Non era possibile altrimenti, non così, non così…così pelle e corpo e sangue e mente y alma y vida; todo…todo el mundo en nuestro abrazo. Ed i girasoli –corazones- guardavano, le zolle sentivano, i cieli palpitavano e scalpitavano y la casa, terrena battigia, sa domo nostra… Casa del Vento, avevo voluto chiamarla, Solo Casa, senza chiuderla con un “la” che l’avrebbe imprigionata, increspata, molestata; Domo del Viento doveva rappresentare il mondo, tutto lì, in noi e per noi, cara…
Una volta mi domandasti di augurarti qualcosa.
Voglio augurarti di camminare a lungo e perderti, prima che in te stessa in ciò che è l’oltre, fuori di noi.
E comprendere finalmente che, alla fine, è bello tornare lì, in quel punto sperduto che ti ha vista nascere, avendo nel cuore e la mente quello che cercavi e che, forse, era stato sempre dentro te.
Dovevi semplicemente, a cammino avvenuto, scoperchiarne lo scrigno.
Per palpare ancora quelle giornate modulate, ad ogni ora, lì dove ogni ora era associata ad un odore, scandita.

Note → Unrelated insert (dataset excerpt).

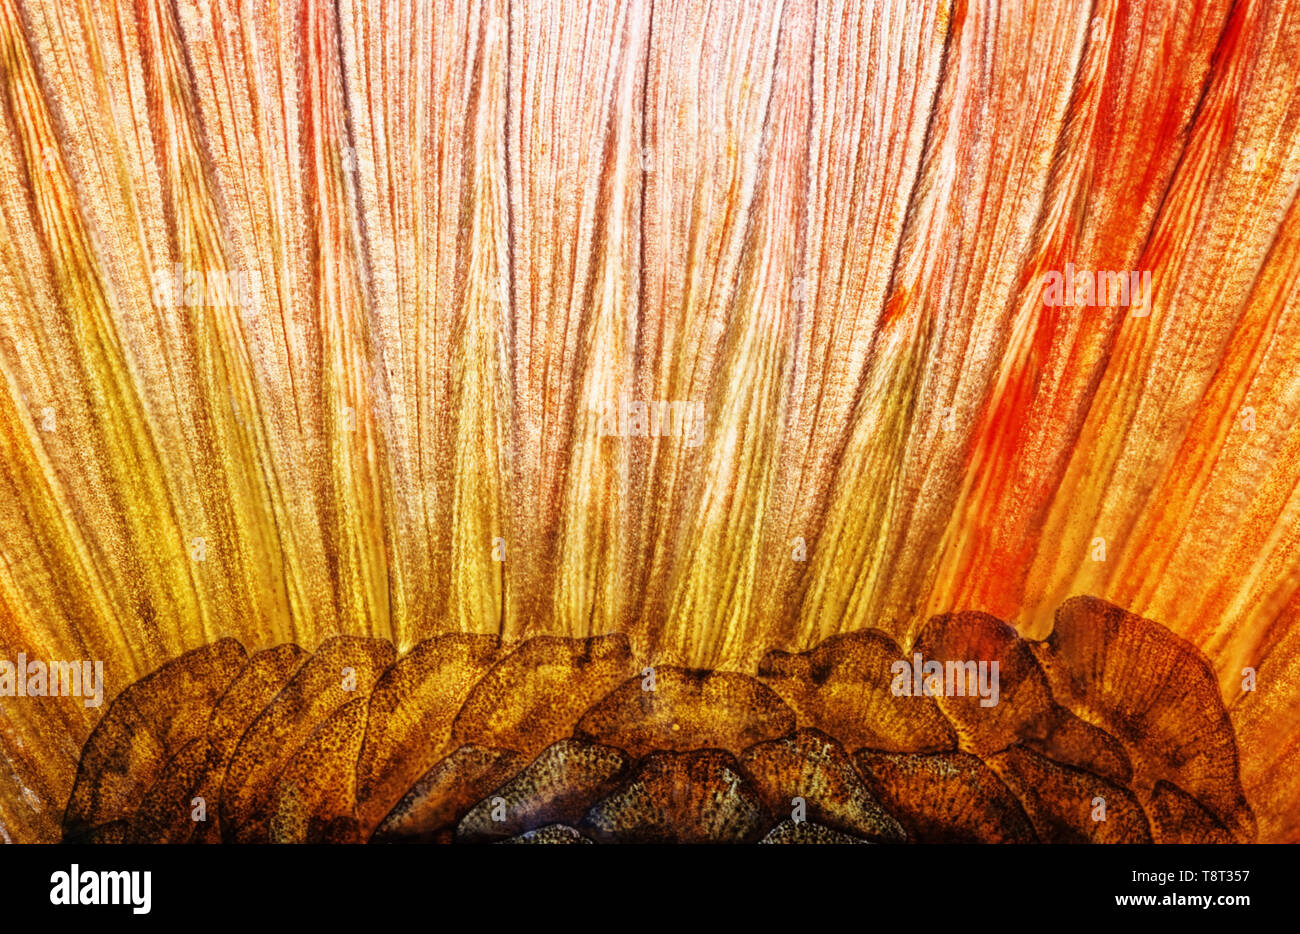 Base della pinna di coda dell'IDE (Leuciscus consumatori di stupefacenti per via parenterale). Immagine appare un po' morbidi a causa del muco epidermica che copre la pelle. Foto Stock

L’alba aveva l’odore delle cinque, dei fico d’India con la polpa zuccherina e leggera, gli spini fini e morbidi, toccabili finalmente ché plagiati dalla rugiada dove il sole s’affacciava, si svegliava e saliva lento, forte. Il mattino aveva l’odore delle sette, lì tra colli e colline in verde, la ferrovia che scorreva scivolando tra i tetti urgenti, le vecchine vestite di nero e strette a scialli e fazzoletti, dirette alla prima messa. Era l’odore del caffè o del mate nostro, amor mio, dei ricordi, l’odore del pane distribuito nella bottega all’angolo, ancora caldo di forno, l’odore delle paste che Roberto Locci ci regalava, in una bustina sei erano, una a testa, l’odore dell’erba toccata dal vento. Il mezzodì l’odore dei forni accesi da anguli ‘e cibudda e pistoccu teneva, e del sole alto d’estate, le nuvole ammassate e grigie d’inverno, quando la pioggia coglieva i bambini ad ogni uscita di scuola.
E l’odore dei sughi alla carne macinata e alloro, dei camini crepitanti.

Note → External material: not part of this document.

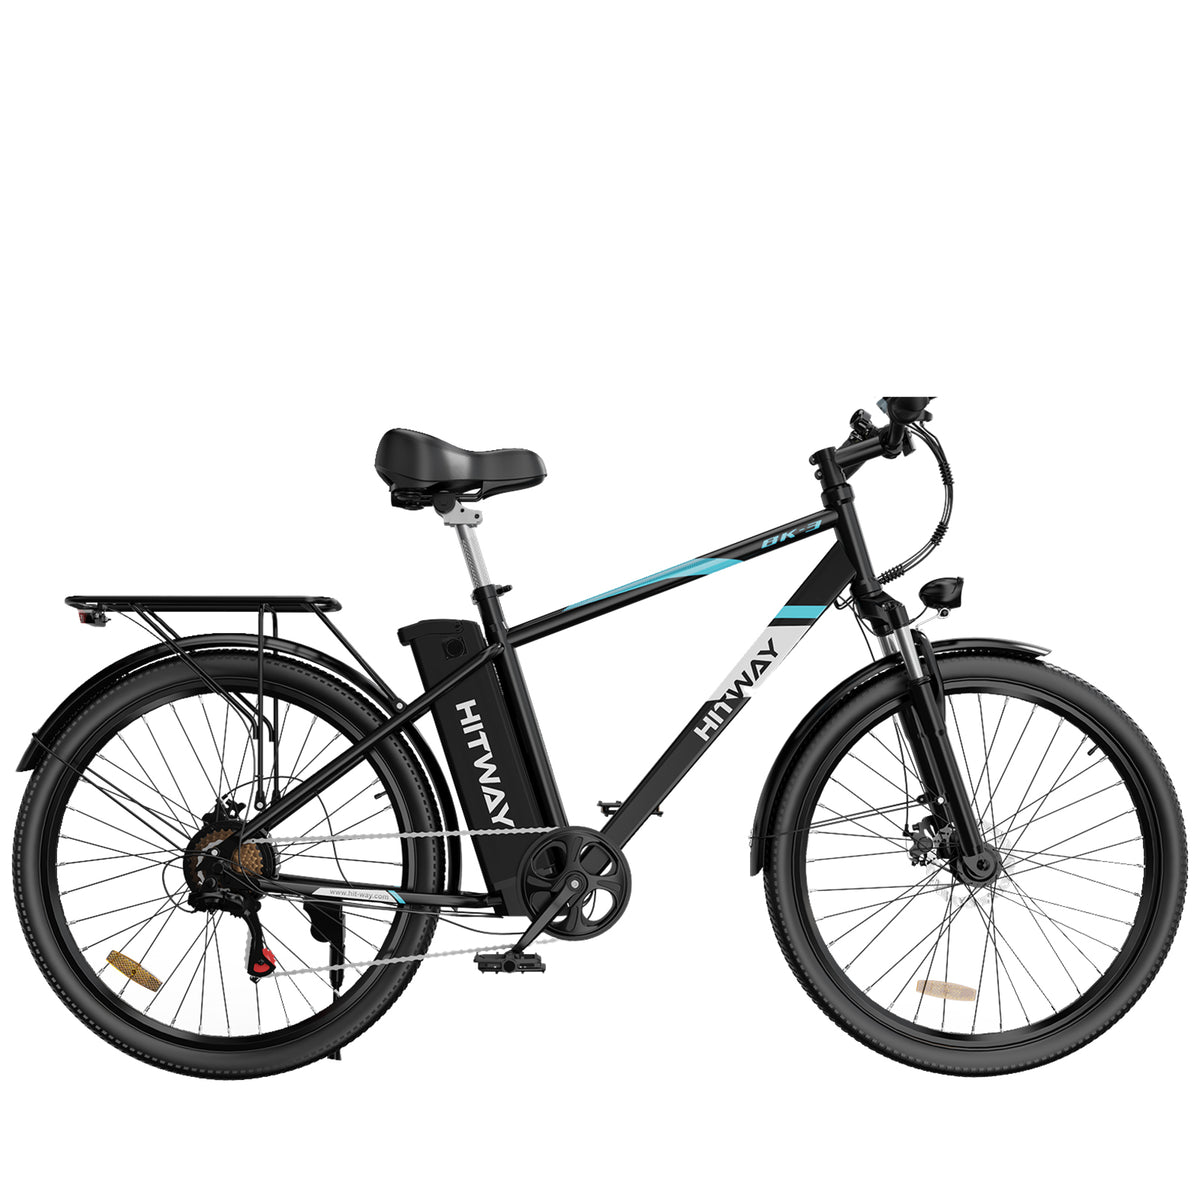 Candado ewheel para bicicletas y patinetes eléctricos 112cm

Le tre portavano l’odore dei silenzi ed i riposi di corpi e menti, le acque del fiume scarno nostro col luccichìo di Janas, salti allegri di Maschinganna in mezzo ai sassi, ai fili lunghi, sparpagliati, di Lacrime della Madonna. E le sette l’odore, il sentore dell’ultima campana tenevano, la tenevano stretta come che, perché l’ultima di quella giornata, rappresentasse l’ultima di una vita stessa. E l’odore della minestrina di merca e dado di thia Assunta, l’odore delle rondini che cominciavano a stridere volando basse, in cerchio, grandi e piccole, a sfiorare con le ali i balconi d’intorno, e risalire.

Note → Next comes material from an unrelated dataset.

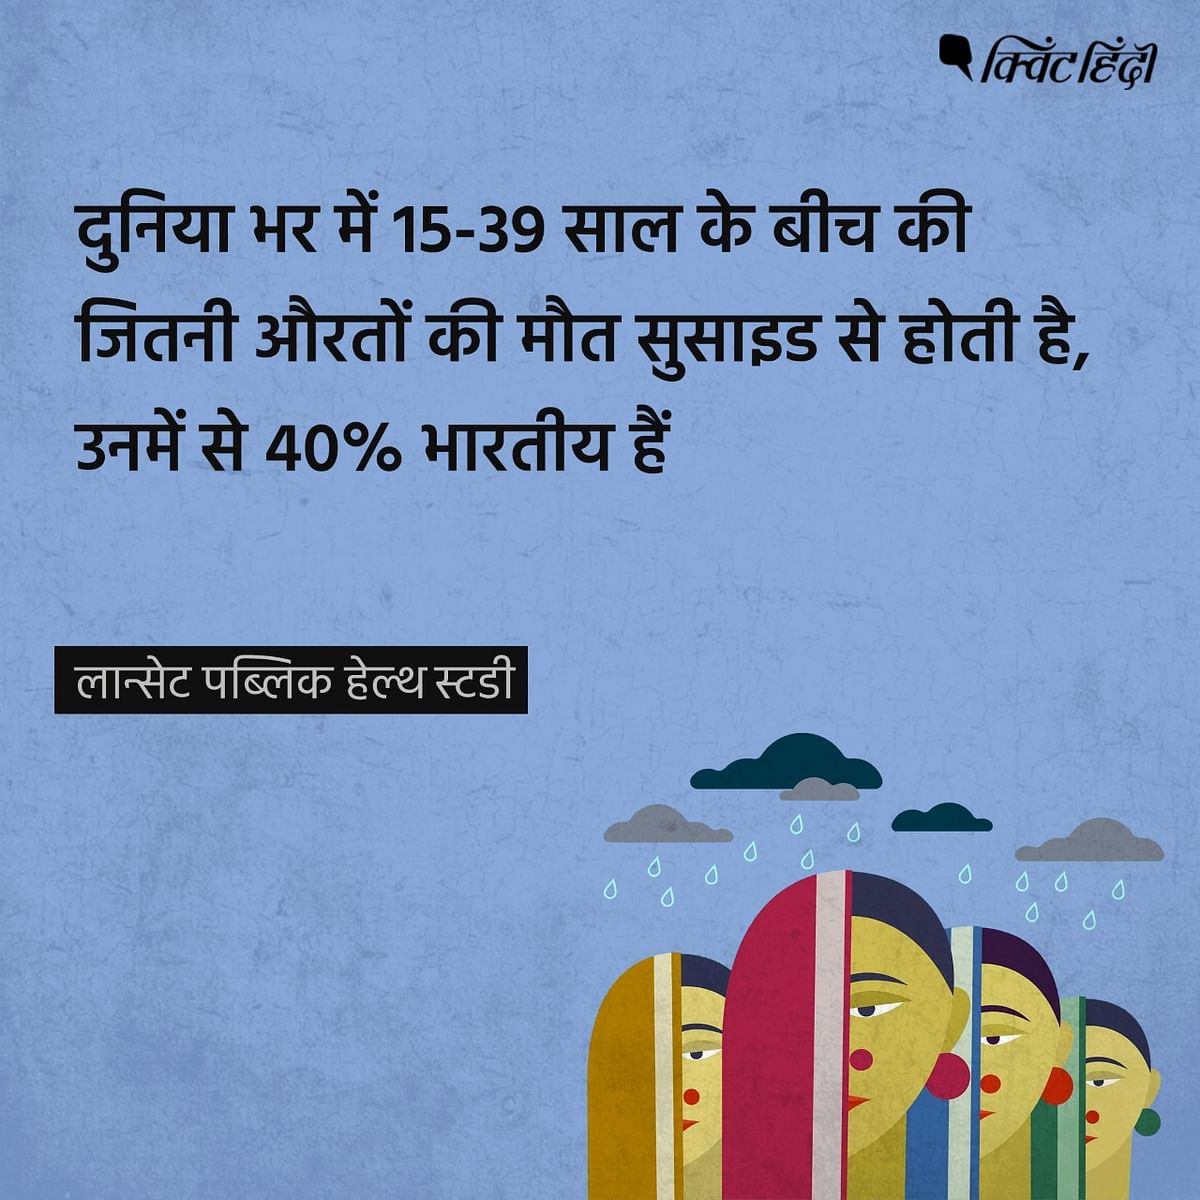 दुनियाभर में 15-39 साल के बीच की जितनी औरतों की मौत सुसाइड से होती है, उनमें से 40% भारतीय हैं

E dopo, solo dopo, l’odore della notte c’era, a riempire l’aria dei cristiani, la fine del giorno e del suo sole, un attimo, un istante sarebbe stato, un respiro, perché poi, subito, la rugiada avrebbe ripreso a respirare sulle spine dolci dei fico d’India, su thia Teresina Pintori e i suoi sogni di strega bianca.
Tutte le comari della parte bassa del paese, la consultavano. Era una specie di maga per tutte, lei e i suoi sogni, lei che coi sogni, spesso, riusciva a ricucire il passato, ad interpretare, forse, il futuro.
Una notte dicevano che avesse sognato il figlio della sua comare, thia Jubanna, un povero Cristo senza arte né parte, muto e sordo dalla nascita. Sognato l’aveva. E nel sogno gli dava da bere un liquido rosso. Dunque, un mattino che di vena generosa si sentiva, seppure in ansia crescente; thia Teresina aveva fatto convocare in casa sua da Mariuccia, la figliola minore, proprio thia Jubanna.
L’anziana donna s’era affacciata trafelata, al cortile di domo Pintori, che nemmeno quindici minuti passati erano; ad accoglierla quattro galline, l’abbaiare di un cane ed il fruscìo di un gatto fulvo, urla giocose di bambini magri quanto un fusto di sughero che barricava l’aia, e storto era, quel fusto; storto e secco come dita di zingaro innaturalmente flesse, inanellate, maledette e vogliose di vita altrui, vecchie. Ma non per questo era meno potente, quercus suber virile, fecondo sui salici ersi, sparpagliati e vivi qualche metro più avanti, giù del ciglio della mulattiera che dava al fiume de Zinnantoni Maccu. E oltre, oltre lo sguardo mio e tuo, la costellazione di tetti che sospesa come nave pareva ogni notte, due paesotti appiccicati l’uno all’altro, talmente vicini che da quella distanza pareva bastare l’allungare di una mano per collegarne cime e comignoli, le nuvole madri che passavano, scivolavano prima su uno, poi sull’altro, poi sul primo ancora, chè non divenisse figlio geloso e ingrato.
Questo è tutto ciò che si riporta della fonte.